The only beef I had in this regard was the handling of sexual stuff & women. That still came across a lot like the stereotypical adolescent male fantasy that has given SF a bad rep. :-/ There was also the question of how the kids from a planet hit by *nukes* are not all going to die or at least be extremely ill from radiation exposure.

Posted by: Moggy at December 10, 2003 12:51 AM

When I was young I trained myself not to react to pain/loud noises, people touching me, etc. When I hear loud noises I don't react at all (externally), although I get tunnel vision or can't see/feel anything for a few seconds, and have to wait for a while before my senses come back.

The kids in school would torment me by making loud noises, and poking me to see me jump, and I didn't want to give them the satisfaction, so I trained myself to not react at all. I got the idea from Mr. Spock controlling pain mentally in Star Trek.

The bad side of this is that people get creeped out because I don't yell when I'm hurt badly, I just calmly ask for help.

Posted by: Matt at December 10, 2003 01:03 PM

I had to re-read and think about yer last post a bit. What you said, P-Man, is the reason why they don't let toddlers into movies and the like. It's usually courtious for the parent to "hush" the kid. So, honestly no, I don't think what you did was unreasonable or mean. Although I've dealt with adults who were more annoyin' . . .

Posted by: Shaw at December 10, 2003 10:01 PM

Luckily for us, annoying adults aren't physically painful to be around. *grin*

Posted by: Moggy at December 11, 2003 12:50 AM

Actually, they *do* let toddlers into the movies. It's exceptionally annoying. As I was saying to Denise not long ago, I'm thinking about giving up on theaters altogether and moving my cinema hobby entirely to DVD -- either renting or buying movies I want to see and going to the actual cinema either rarely or not at all. There's a *lot* to be said for staying at home.

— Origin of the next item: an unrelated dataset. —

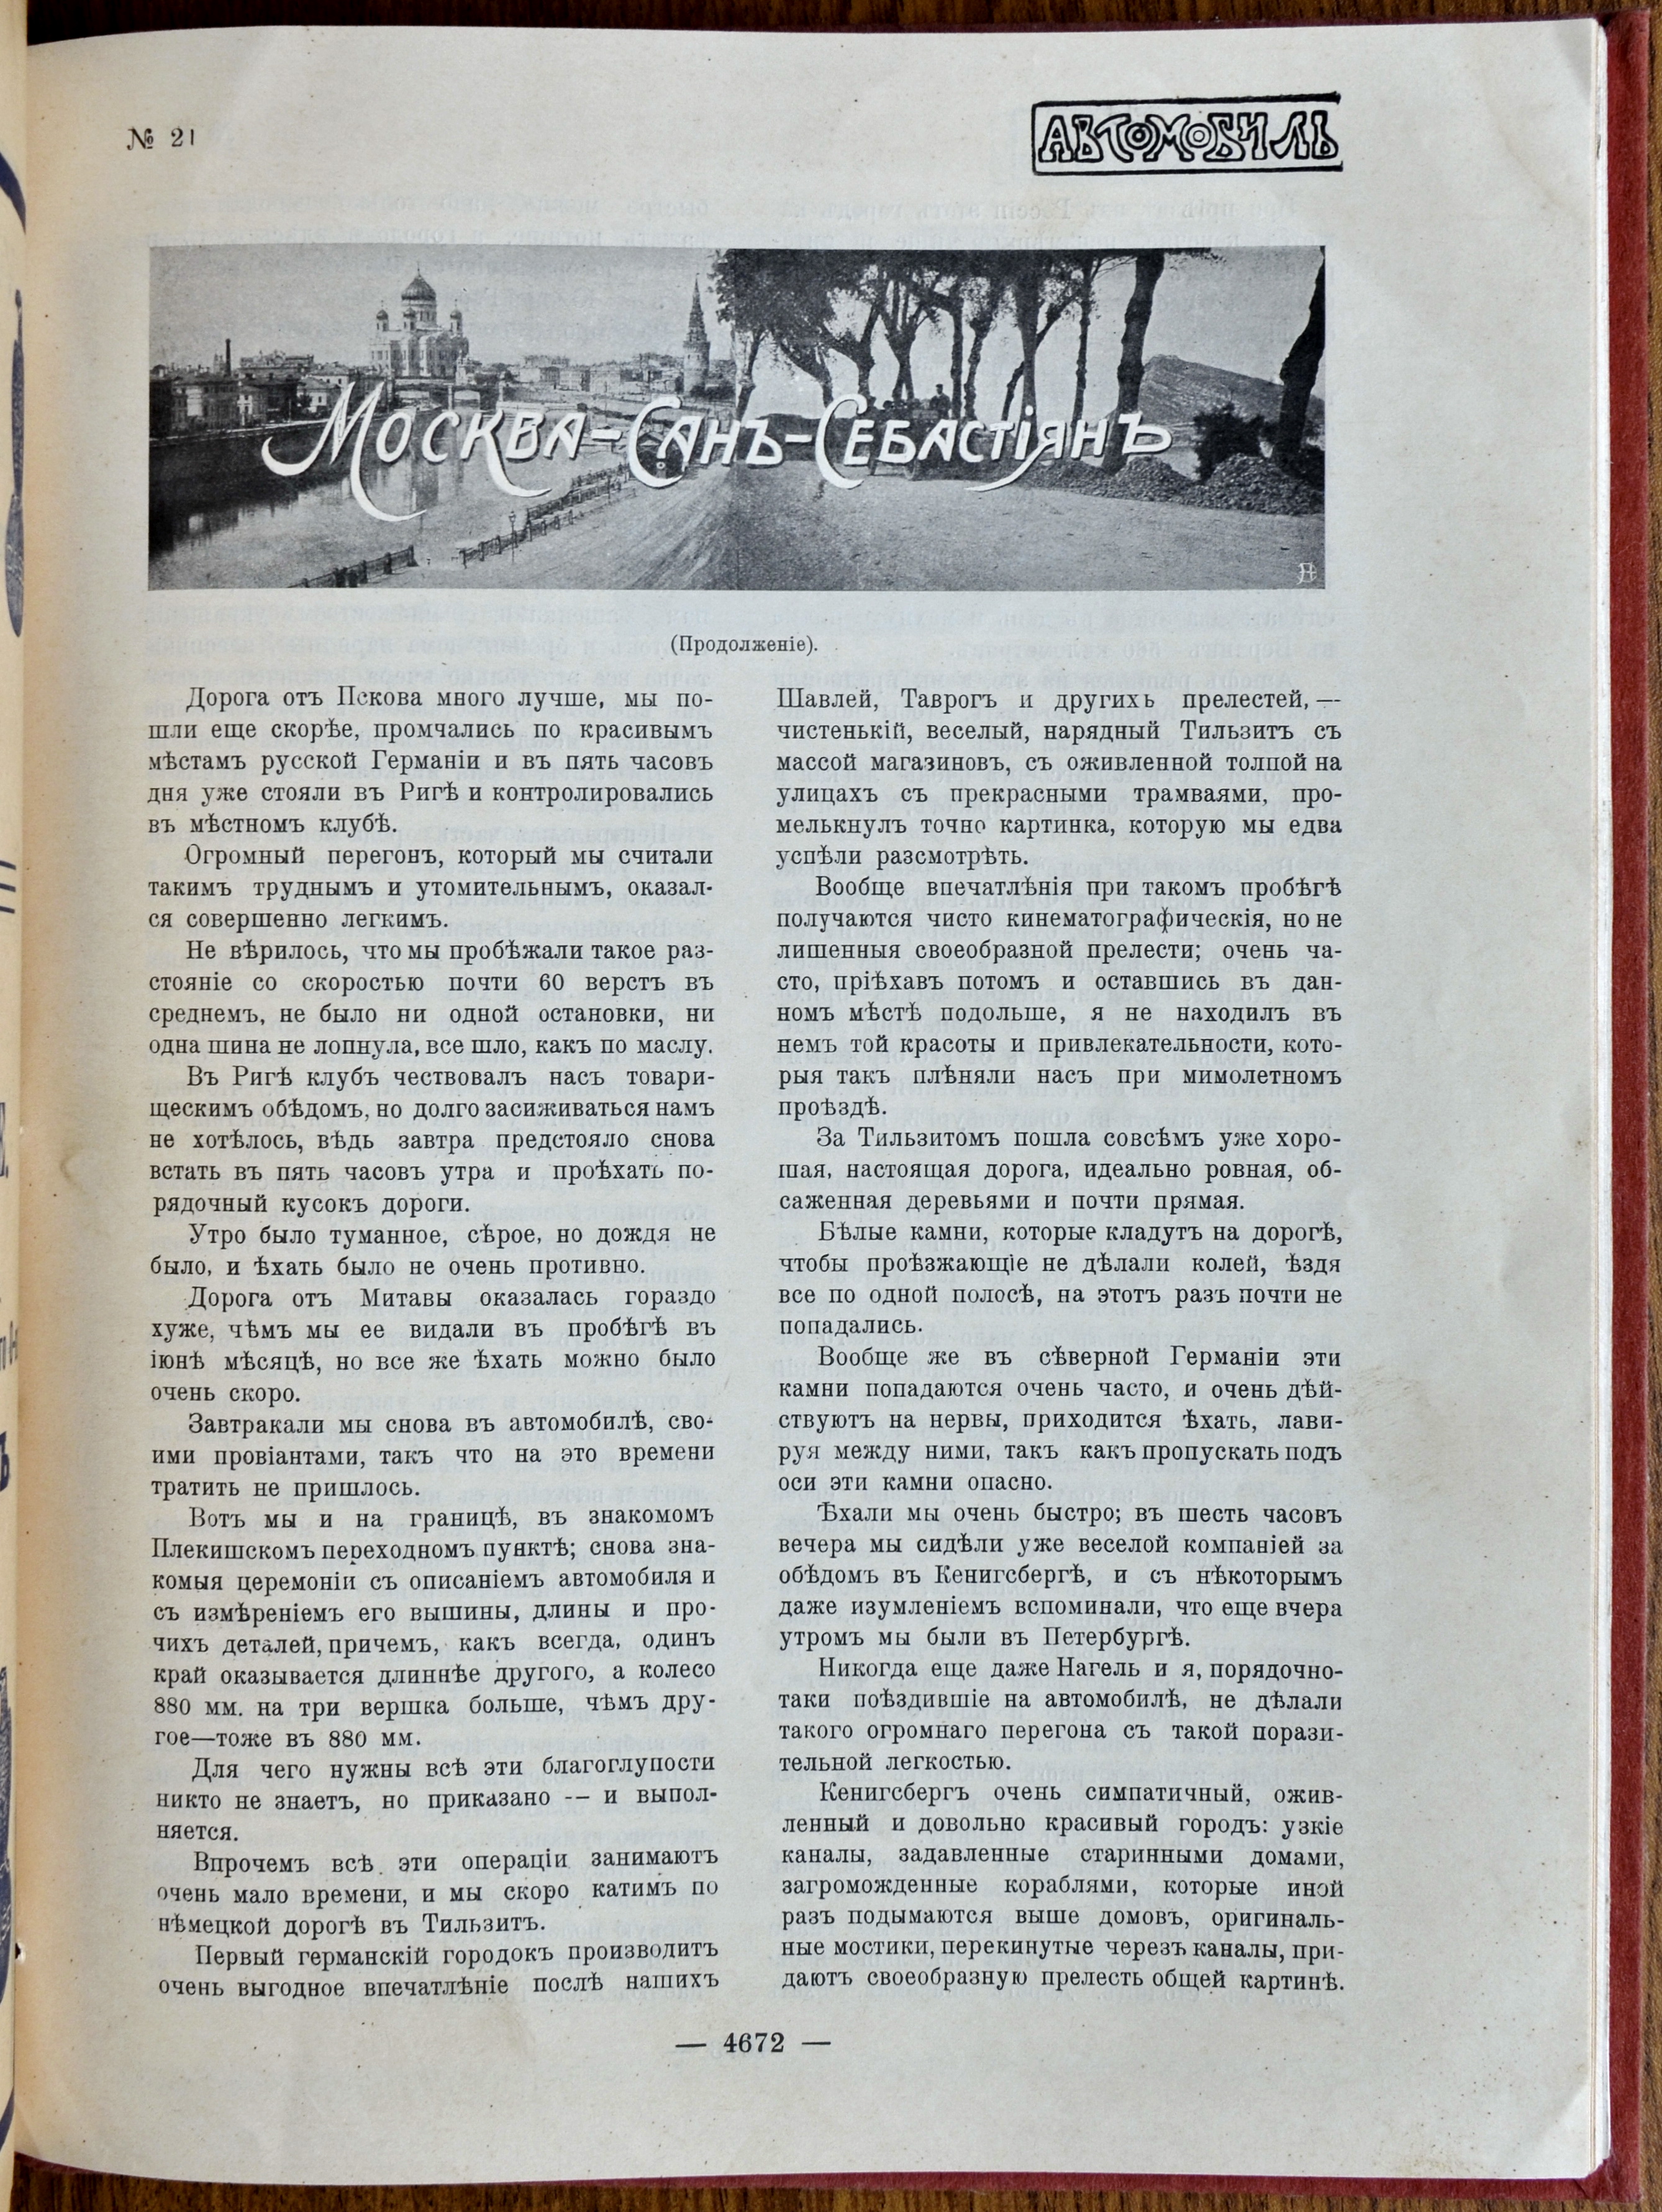 страницы журнала "Автомобиль" с рассказом о поездке Андрея Нагеля в Европу.

I learned how to stifle my pain reaction to noises a long time ago as well, for the same reasons that Matt gives... I am now unlearning it, because I believe quite firmly that if anyone should be modifying their natural behavior, it's the annoyer, not the annoyee, if you follow me.

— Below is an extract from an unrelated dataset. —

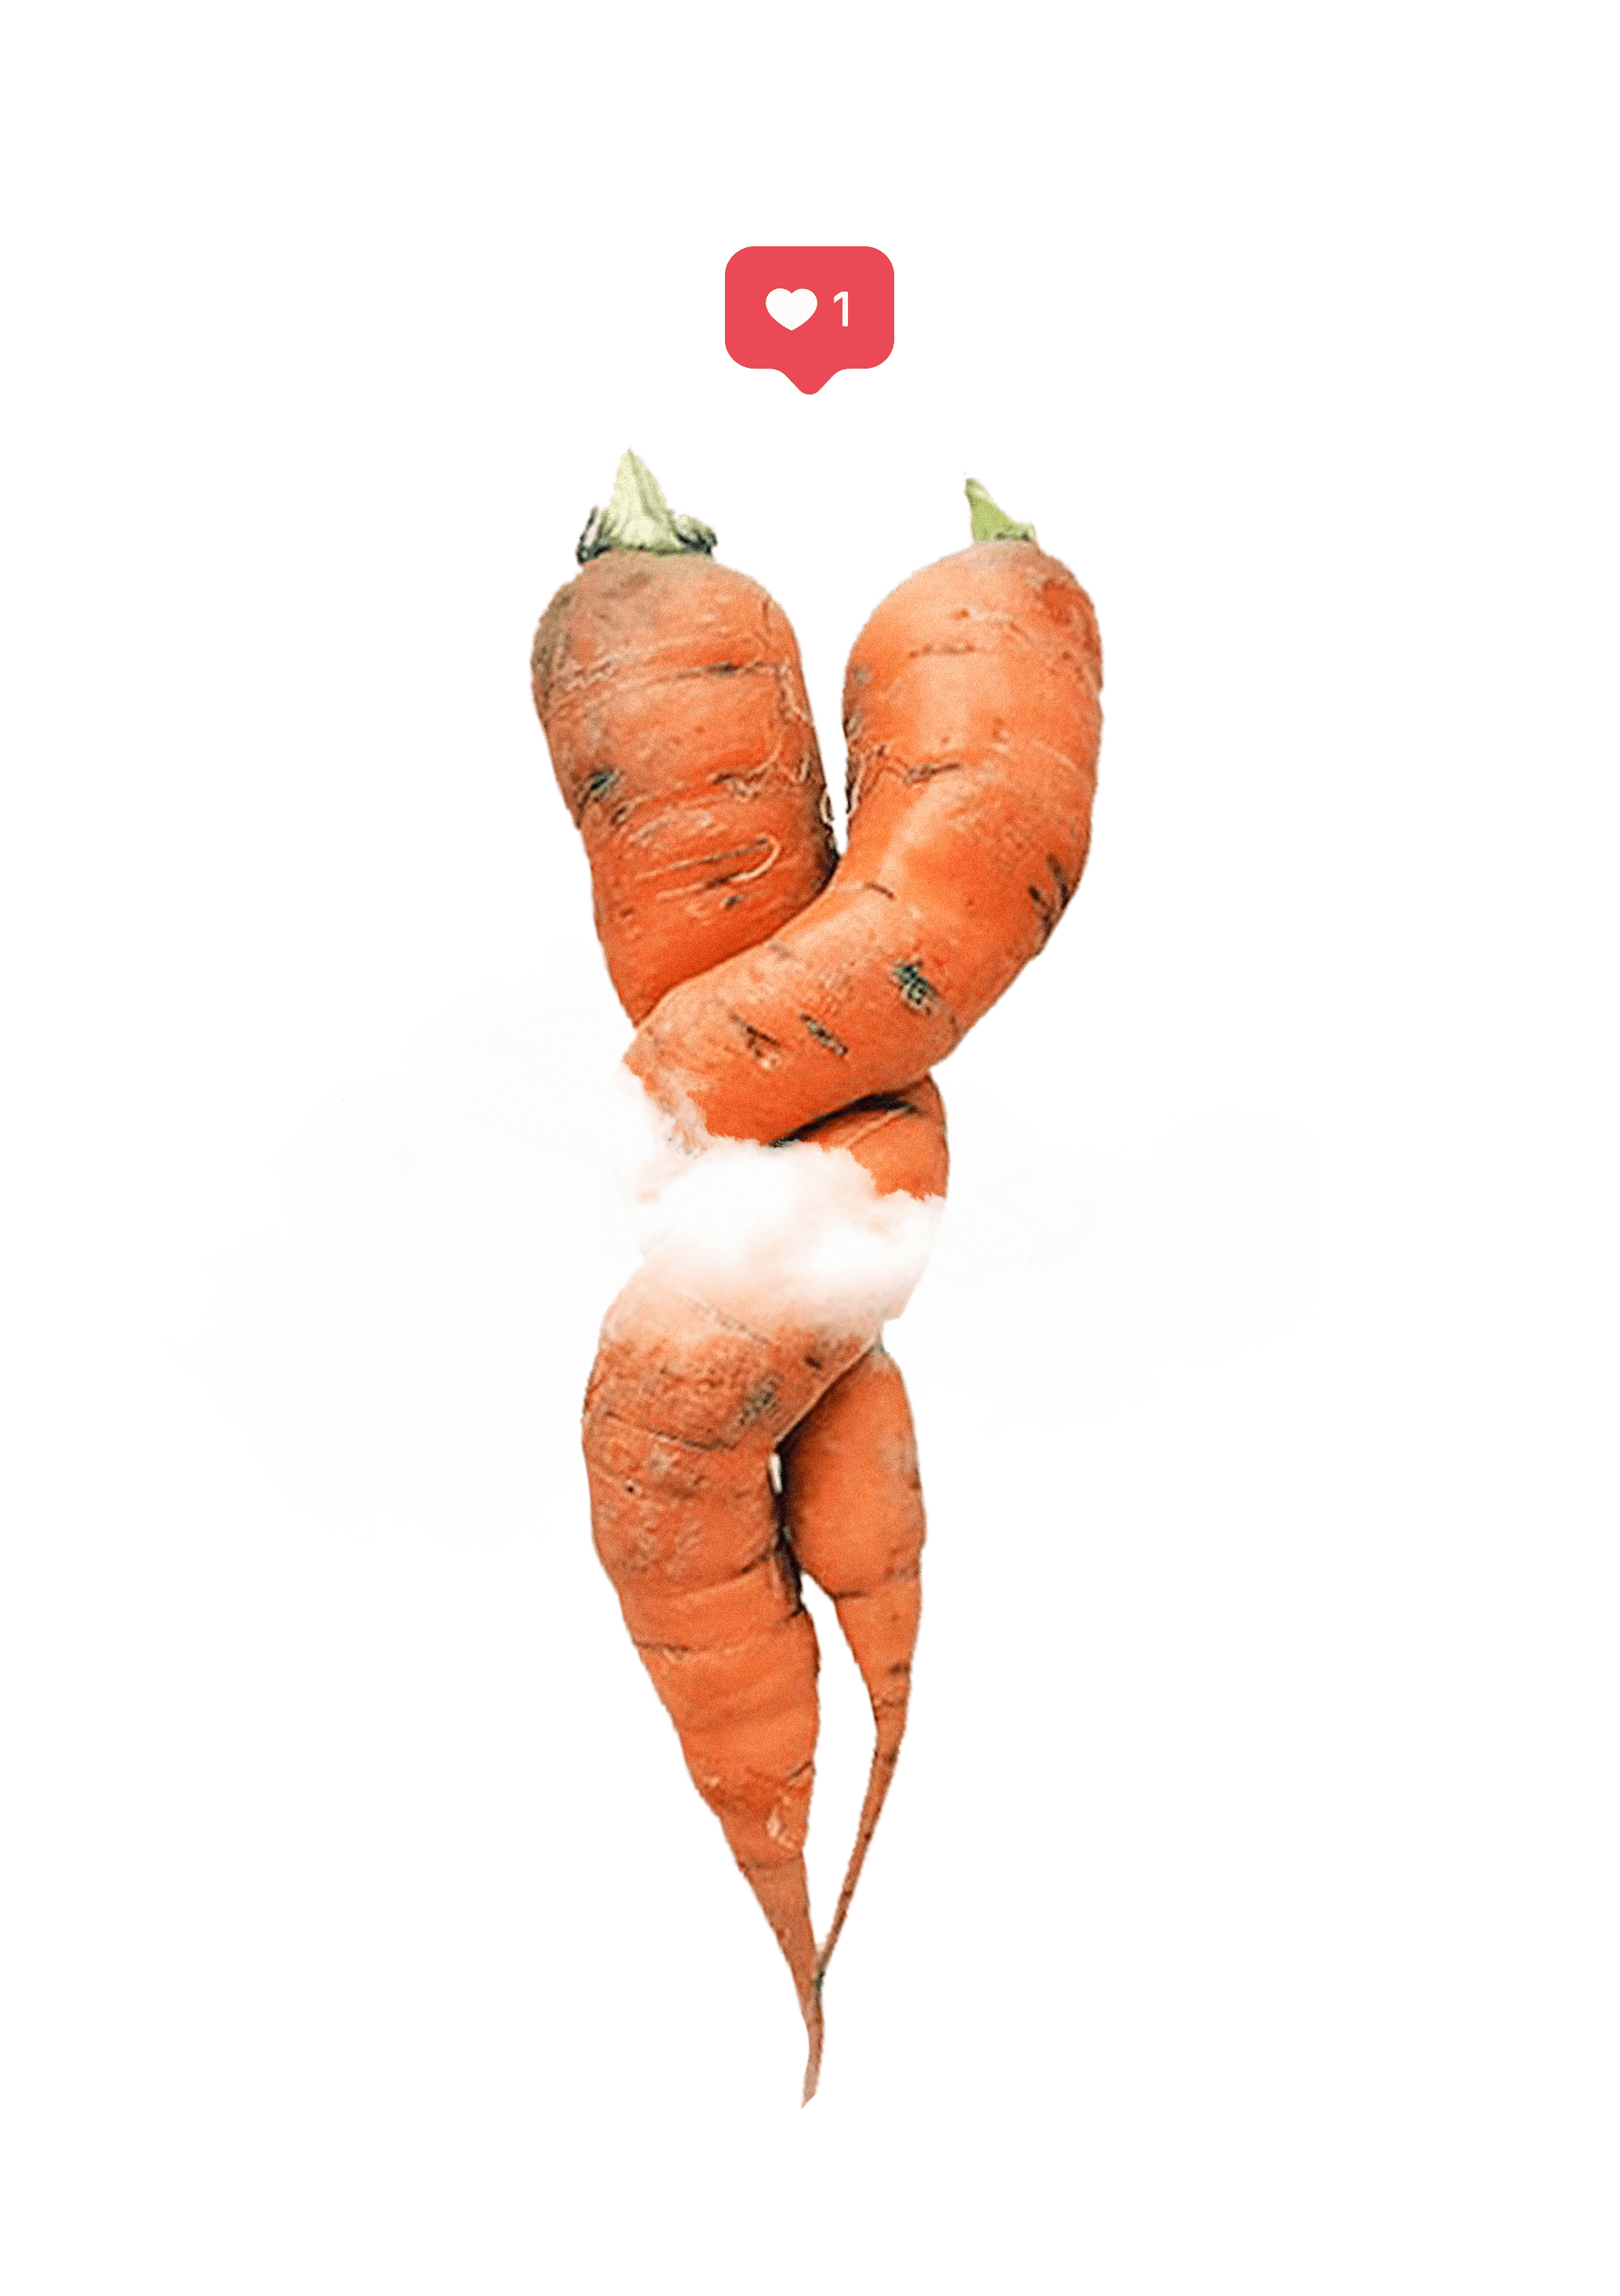 zanahoria remolona

As to Galactica -- well, yes, you're right, the gender stuff did leave something to be desired. However, compared to the original series, it was progressive as hell. The blatant sexism of the 1970's Galactica even made me squirm when I was watching it as an 11-year-old boy. (I will add, though, that the sexism went in both directions, rather than the one-way sexism that one might have had ten or twenty years earlier. I'm not sure whether that counts as progress or not.)

Posted by: Zathras at December 11, 2003 01:05 AM

depending on the movie...although honestly I have never seen kids younger than 4 in a theater.

Posted by: Shaw at December 11, 2003 09:41 PM

that and there are movie theaters that do have rules about kids . . . maybe u should go to art theaters?

Posted by: Shaw at December 11, 2003 09:43 PM

I don't know what kind of theaters you're going to in Connecticut, Shaggy, but I see babies in theaters around here all the time. It's the rule, not the exception.

As to art theaters... well, yes, that's actually a pretty good suggestion. The only reason I don't follow it is that those kinds of theaters are usually a PITA to get to -- I use public transportation and am relatively lazy/impatient, so I prefer to go to theaters that are readily available by Metro.